◆ WHAT TO WORK ON
Look below for the line holding "Keyboard Silicone Skin" and the line holding "uxcell Uxcell Aluminum". Repeat those two and everything between, exactly.

◆ LISTED RECORDS
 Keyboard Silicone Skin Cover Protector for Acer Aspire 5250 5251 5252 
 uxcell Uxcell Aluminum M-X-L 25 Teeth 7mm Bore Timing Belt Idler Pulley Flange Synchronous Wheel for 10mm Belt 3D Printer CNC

...

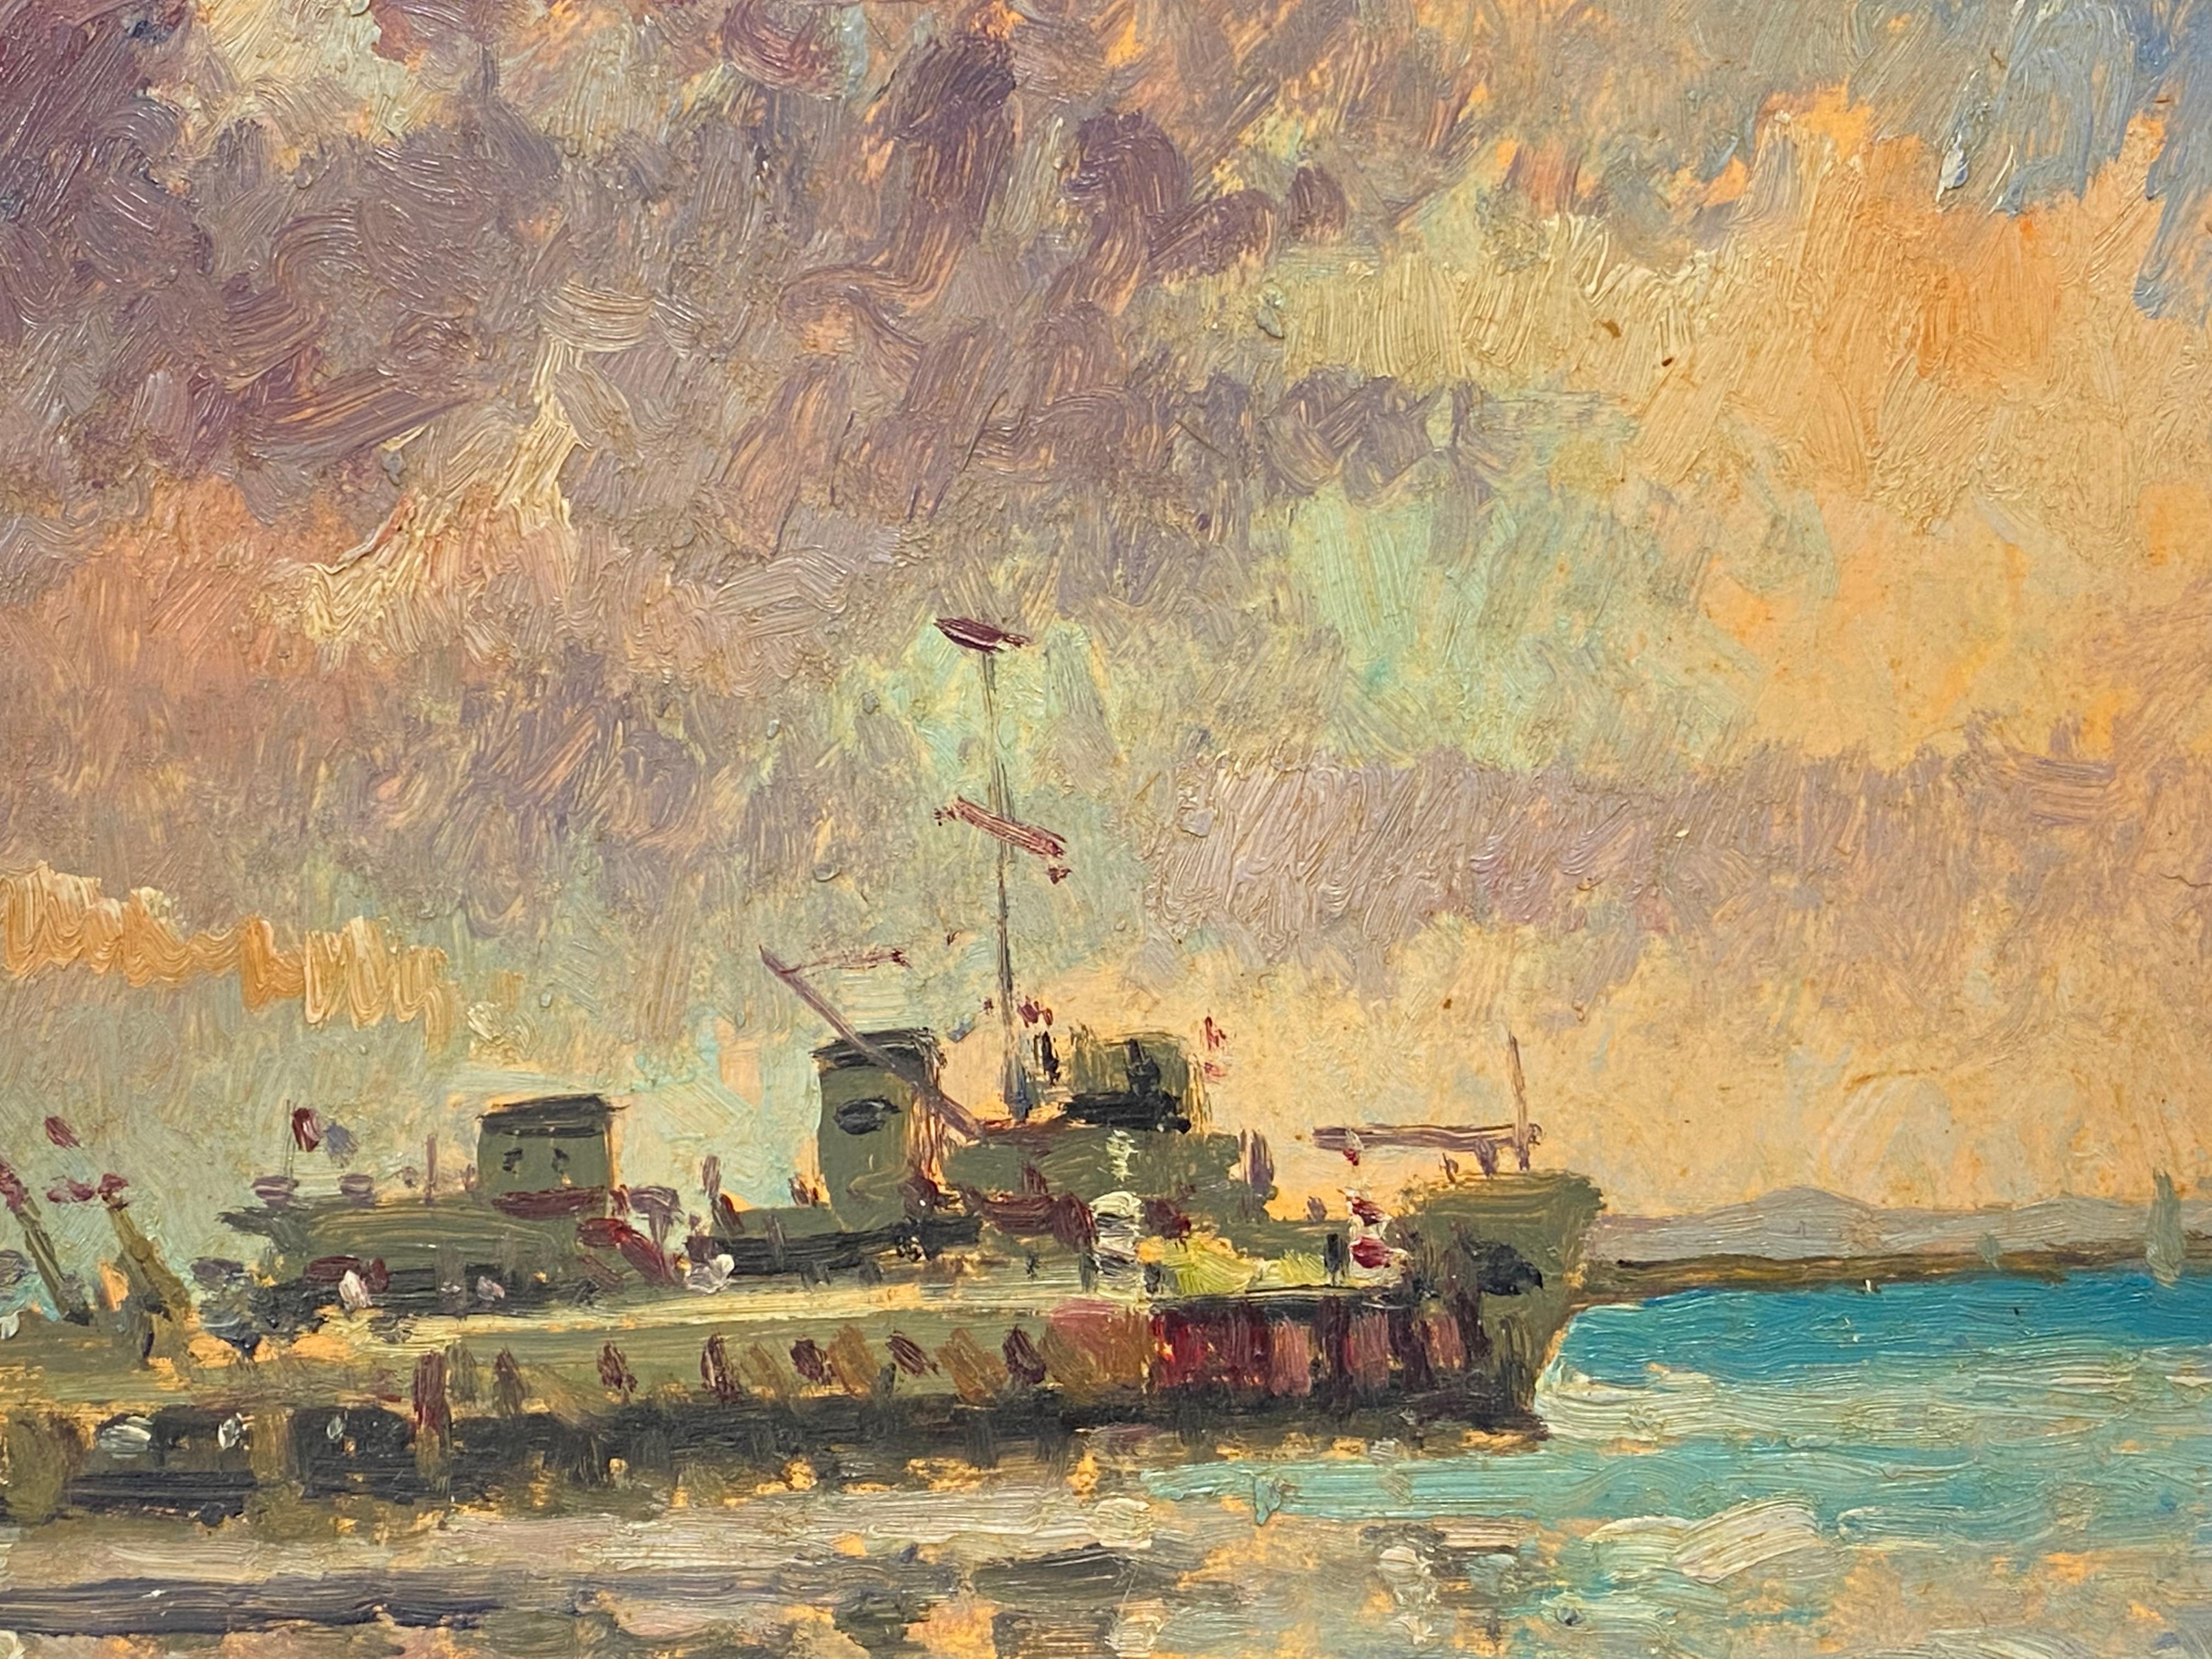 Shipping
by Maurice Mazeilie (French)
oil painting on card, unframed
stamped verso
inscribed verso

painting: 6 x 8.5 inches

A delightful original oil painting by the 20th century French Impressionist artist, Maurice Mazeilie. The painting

◆ YOUR RESPONSE
 Keyboard Silicone Skin Cover Protector for Acer Aspire 5250 5251 5252 
 uxcell Uxcell Aluminum M-X-L 25 Teeth 7mm Bore Timing Belt Idler Pulley Flange Synchronous Wheel for 10mm Belt 3D Printer CNC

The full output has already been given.